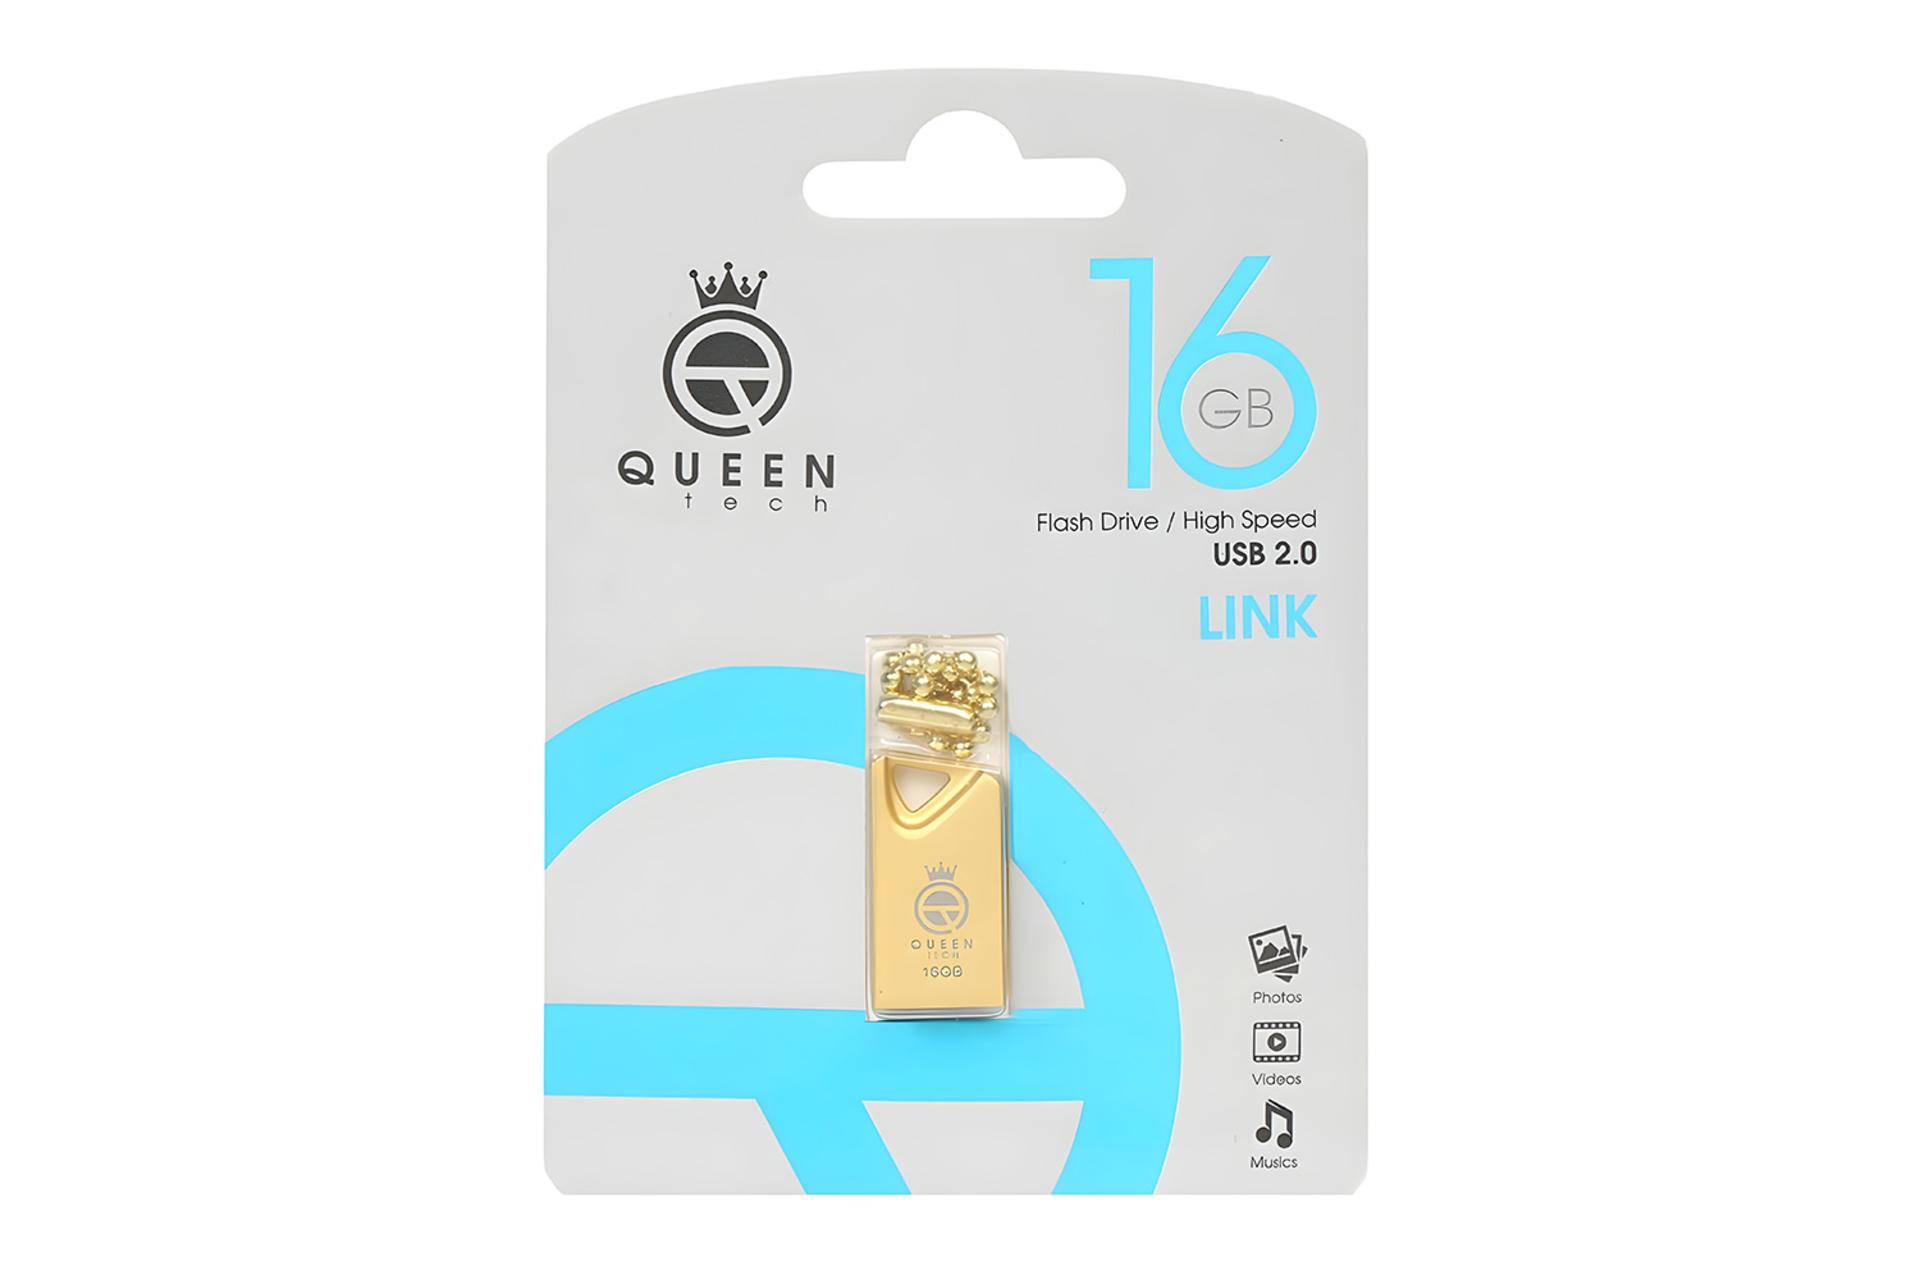 جعبه فلش مموری کوئین تک Queen Tech LINK 16GB USB 2.0
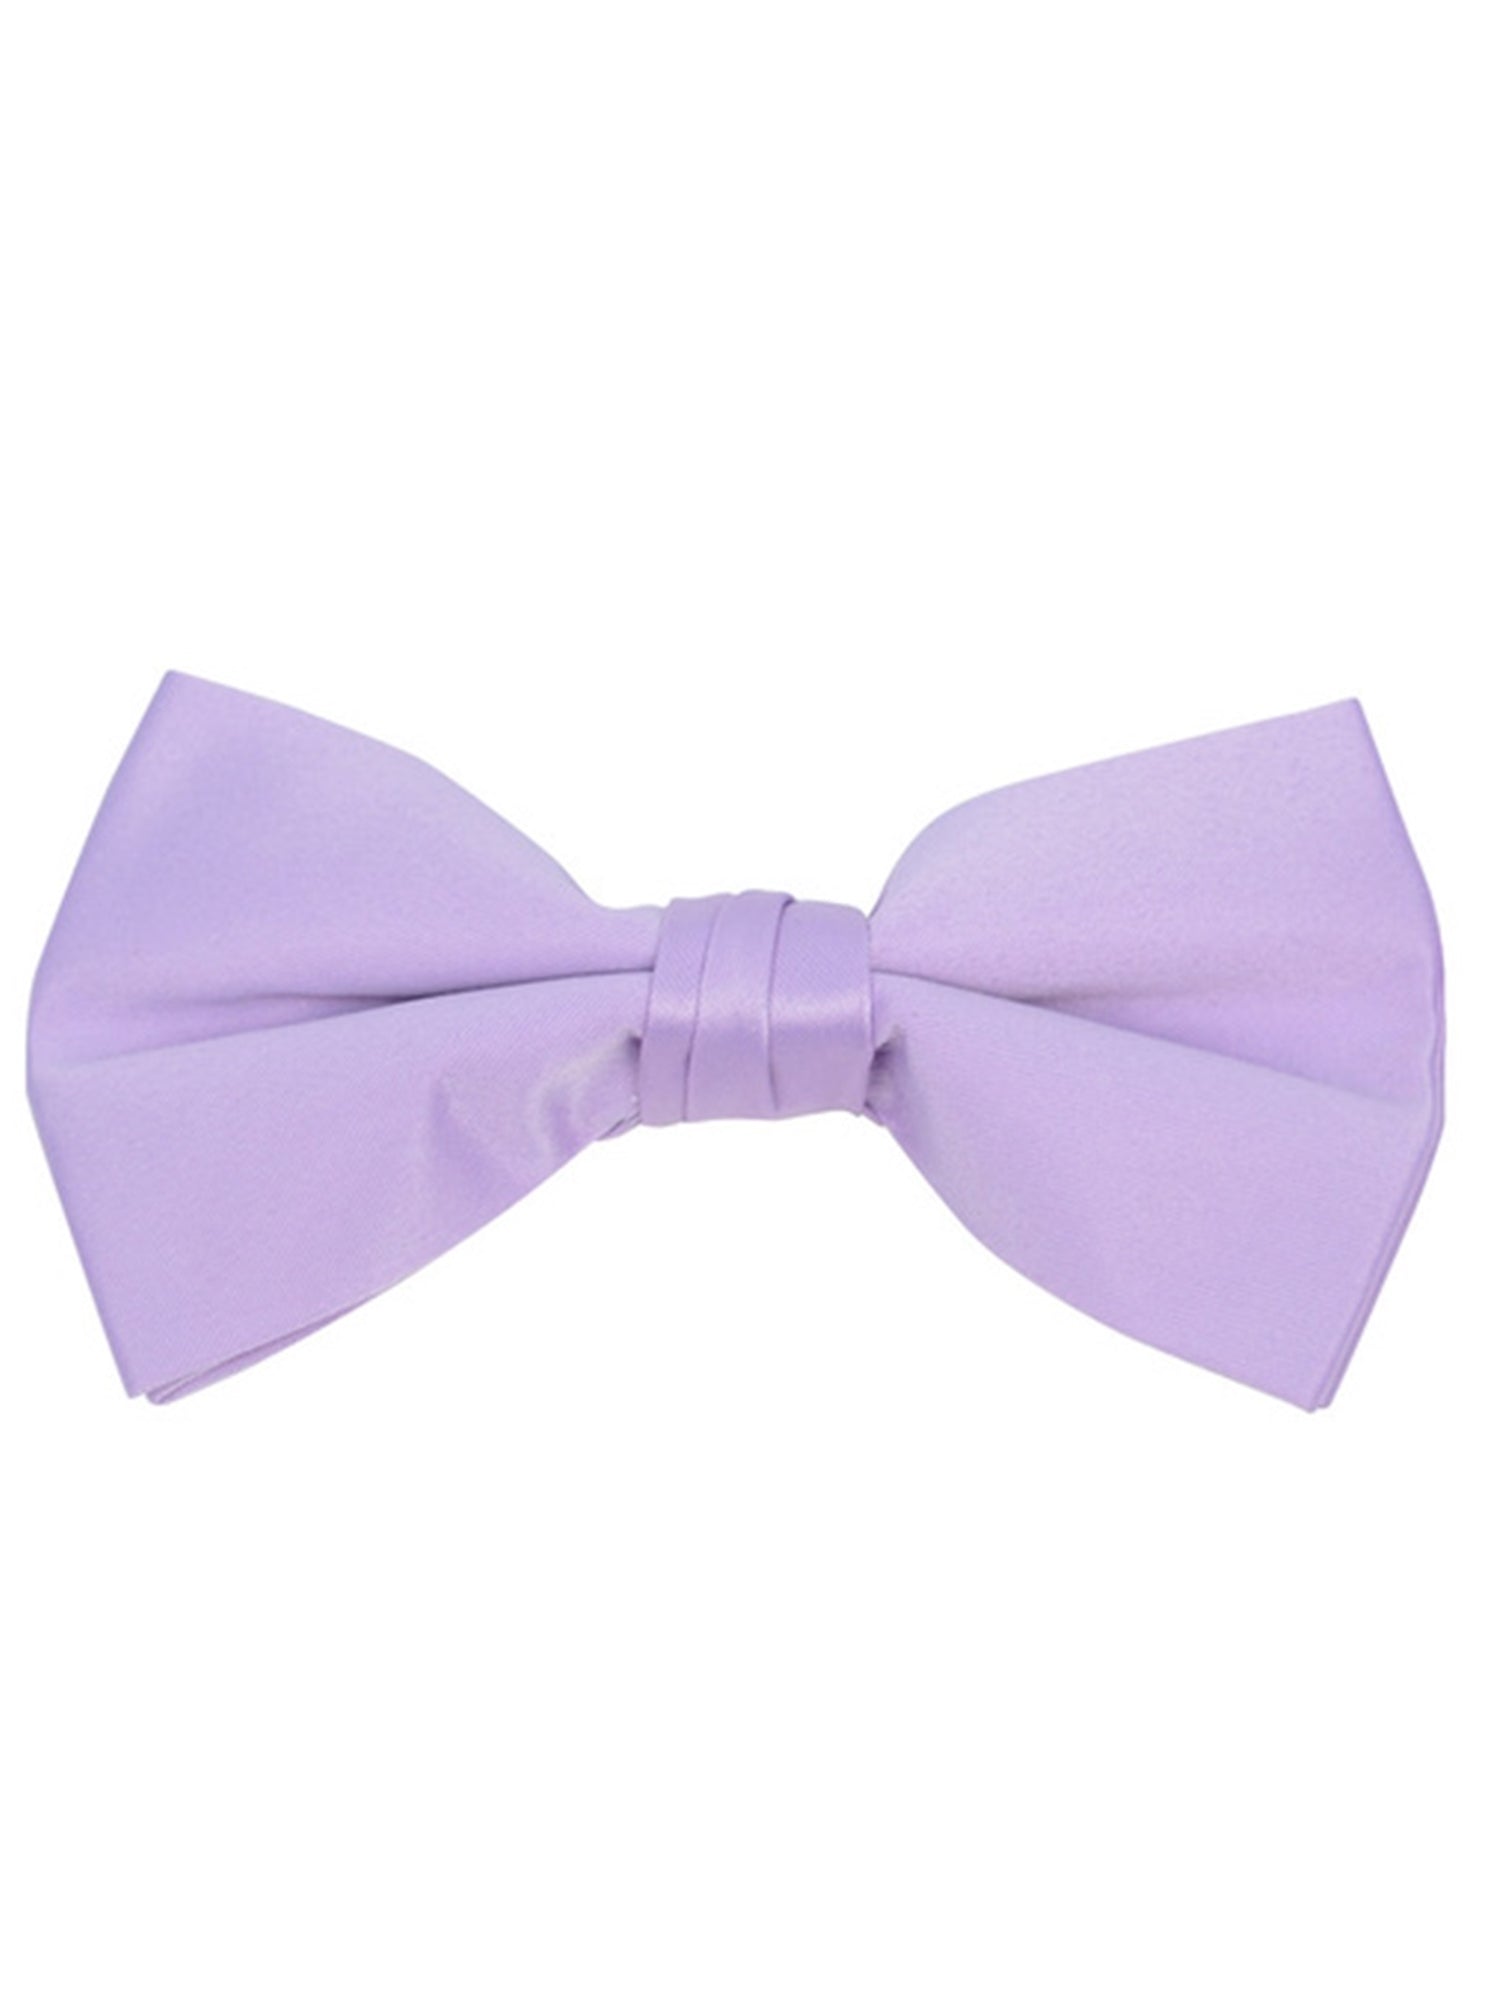 Men's Pre-tied Adjustable Length Bow Tie - Formal Tuxedo Solid Color Men's Solid Color Bow Tie TheDapperTie Lavender One Size 
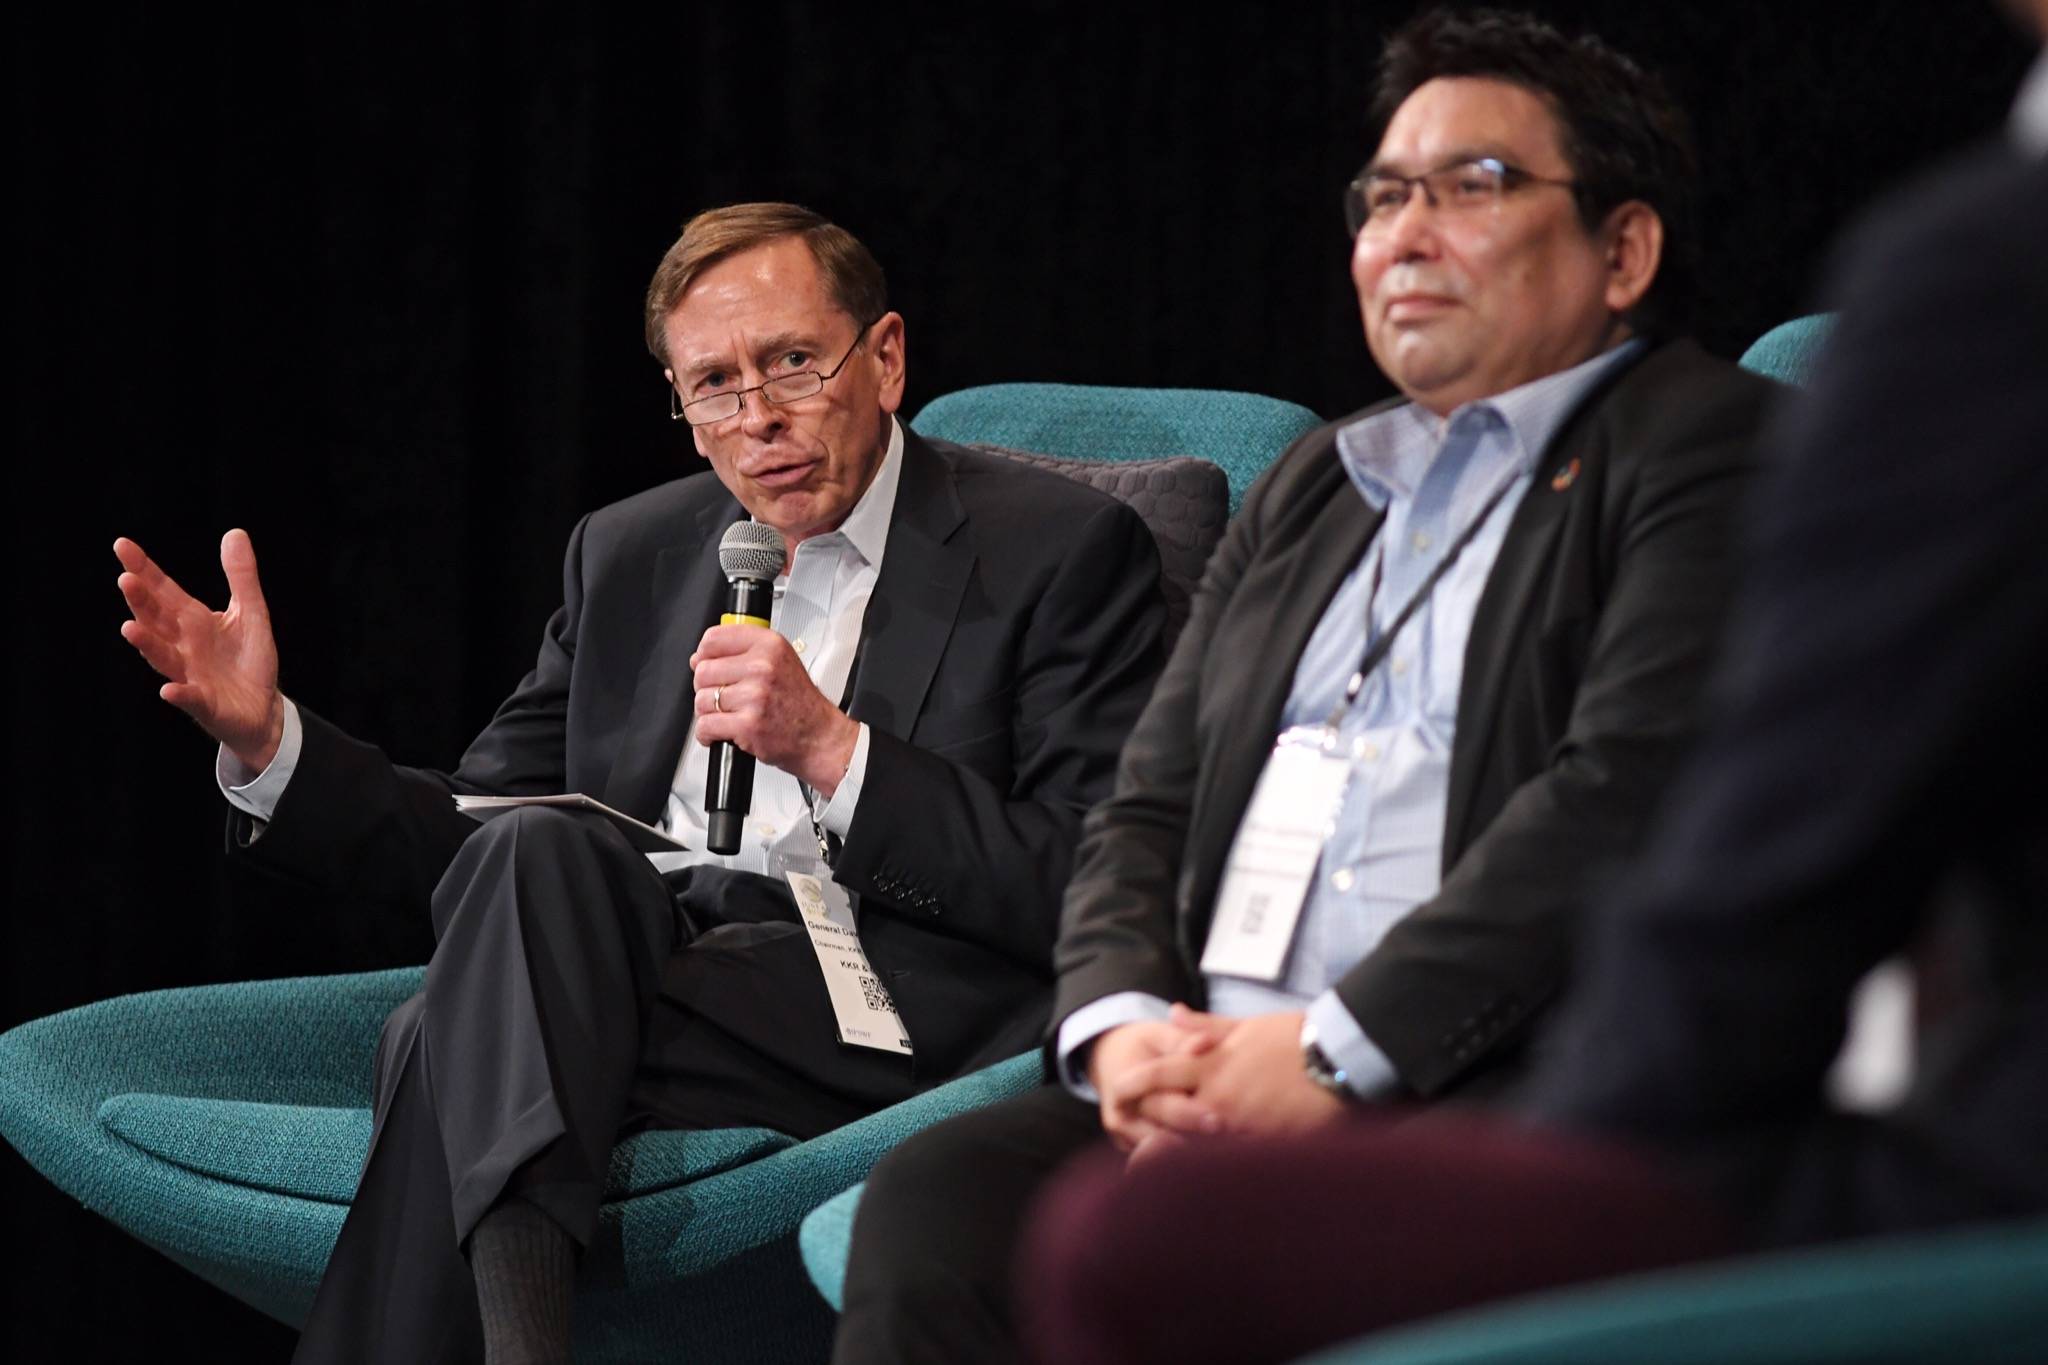 Empire Live: Former CIA Director David Petraeus part of panel on global Arctic interests
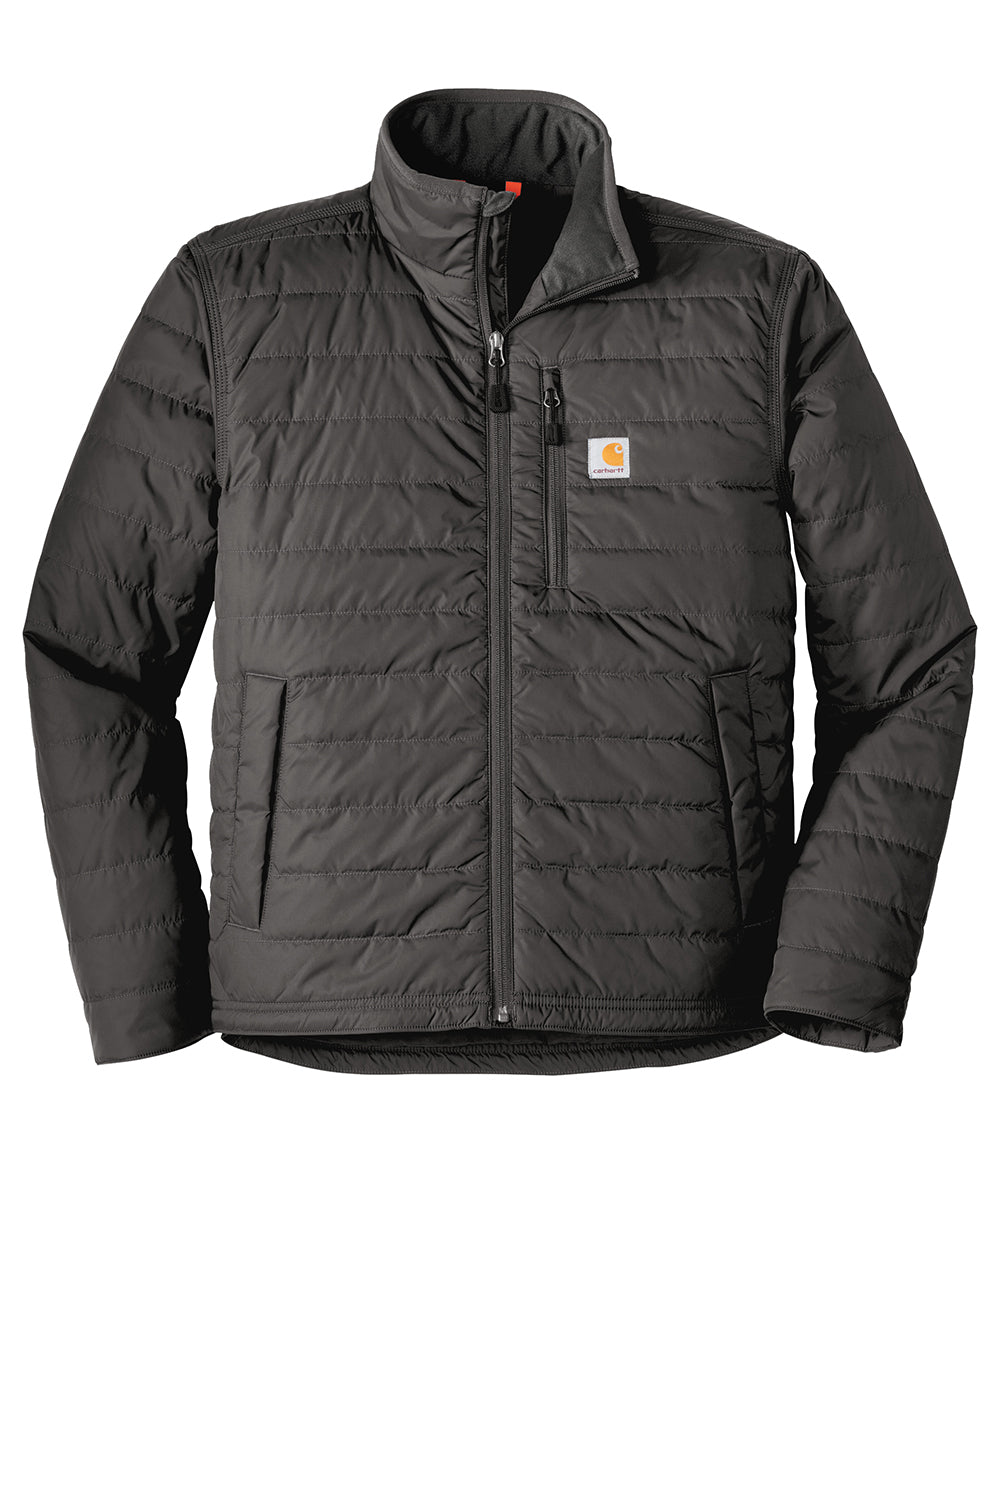 Carhartt CT102208 Mens Gilliam Wind & Water Resistant Full Zip Jacket Shadow Grey Flat Front

> [How to complete this task]: Copy back, word for word, every line between the top of the material above and the line that contains "Empire Live: Former", both included, without any pictures.

> [Written solution]:
 جعبه فلش مموری کوئین تک Queen Tech LINK 16GB USB 2.0
 Men's Pre-tied Adjustable Length Bow Tie - Formal Tuxedo Solid Color Men's Solid Color Bow Tie TheDapperTie Lavender One Size 
 Empire Live: Former CIA Director David Petraeus part of panel on global Arctic interests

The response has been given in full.